Maternal undernutrition induces premature reproductive senescence in adult female rat offspring
An adverse uterine nutritional environment during pregnancy results in premature reproductive senescence in adult rats.
Omid Khorram, M.D., Ph.D., Erin Keen-Rinehart, Ph.D., Tsai-Der Chuang, Ph.D., Michael G. Ross, M.D., Mina Desai, Ph.D.
Volume 103, Issue 1, Pages 291-299
To determine the effects of maternal undernutrition (MUN) on the reproductive axis of aging offspring.
Animal (rat) study.
Female Sprague-Dawley rats.
Food restriction during the second half of pregnancy in rats.
Main Outcome Measure(s):
Circulating gonadotropins, antimüllerian hormone (AMH), ovarian morphology, estrous cyclicity, and gene expression studies in the hypothalamus and ovary in 1-day-old (P1) and aging adult offspring.

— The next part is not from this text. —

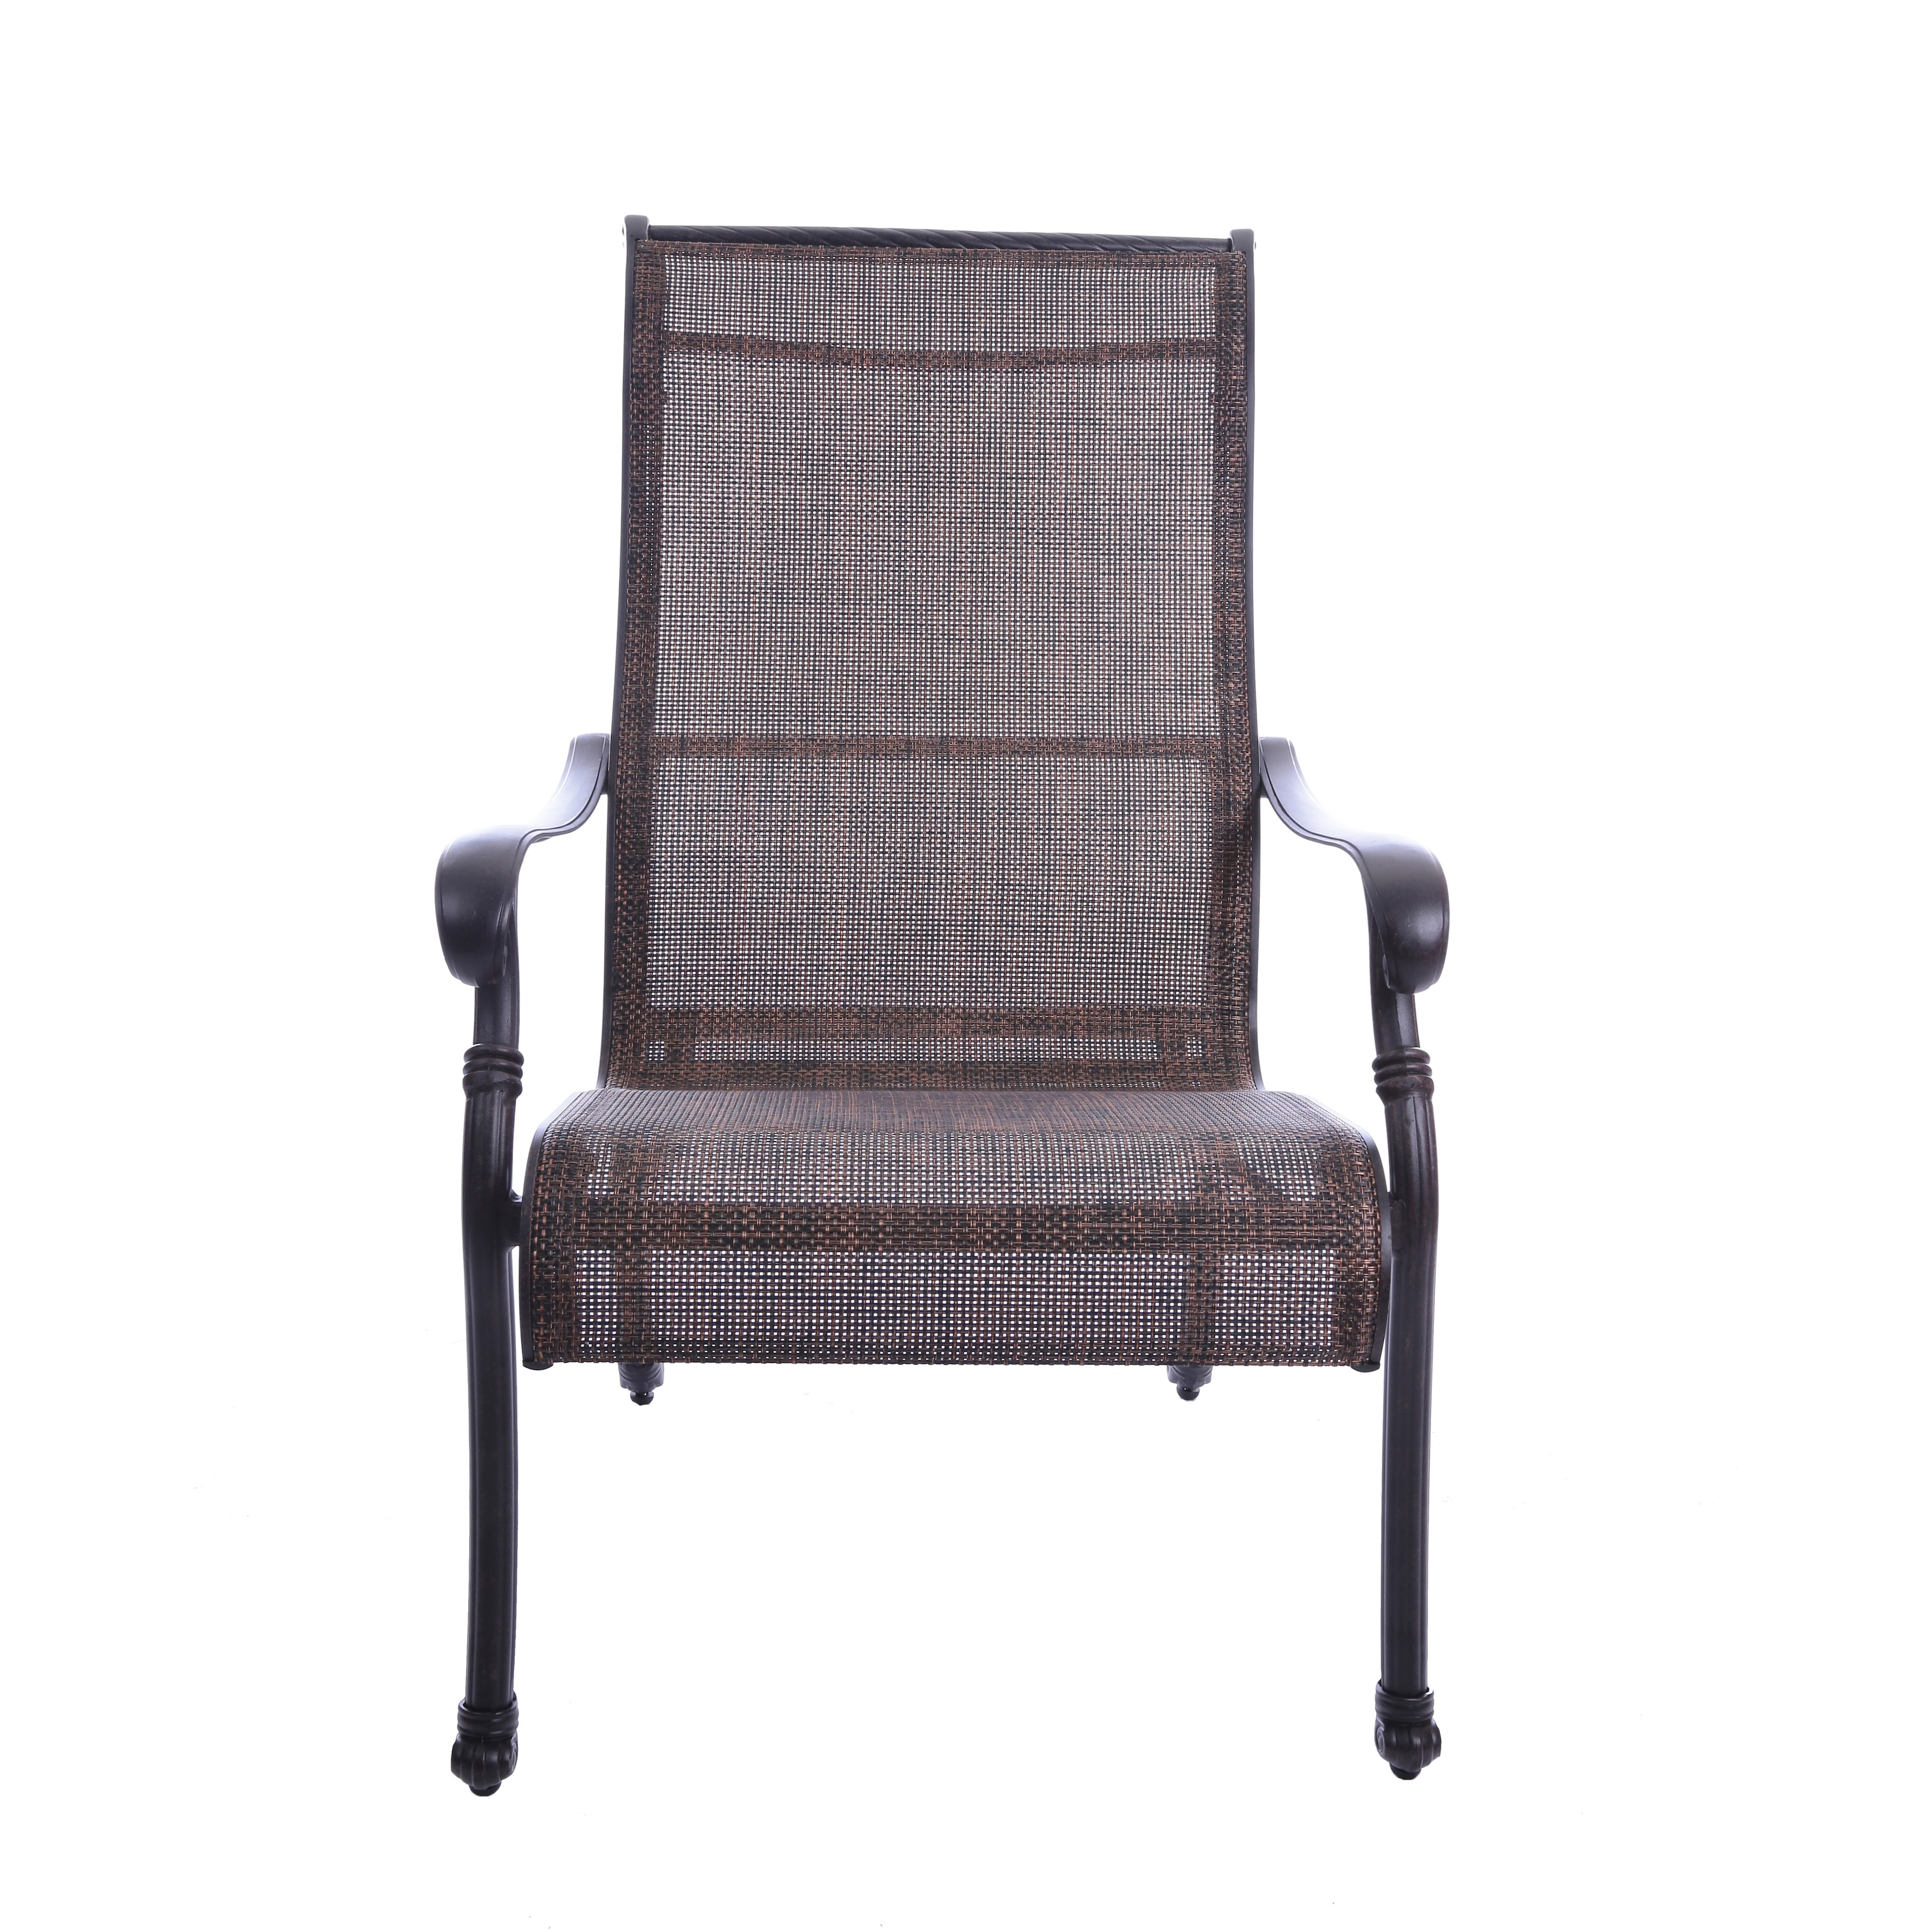 Gathercraft Casa Grande Bronze Outdoor Cast Aluminum Sling Dining Chair Set Of 2 Free Shipping Today 10456556

Offspring of MUN dams had low birth weight (LBW) and by adult age developed obesity. In addition, 80% of adult LBW offspring had disruption of estrous cycle by 8 months of age, with the majority of animals in persistent estrous. Ovarian morphology was consistent with acyclicity, with ovaries exhibiting large cystic structures and reduced corpora lutea. There was an elevation in circulating T, increased ovarian expression of enzymes involved in androgen synthesis, an increase in plasma LH/FSH levels, a reduction in E2 levels, and no changes in AMH in adult LBW offspring compared with in control offspring. Hypothalamic expression of leptin receptor (ObRb), estrogen receptor-α (ER-α), and GnRH protein was altered in an age-dependent manner with increased ObRb and ER-α expression in P1 LBW hypothalami and a reversal of this expression pattern in adult LBW hypothalami.
Our data indicate that the maternal nutritional environment programs the reproductive potential of the offspring through alteration of the hypothalamic-pituitary-gonadal axis. The premature reproductive senescence in LBW offspring could be secondary to the development of obesity and hyperleptinemia in these animals in adult life.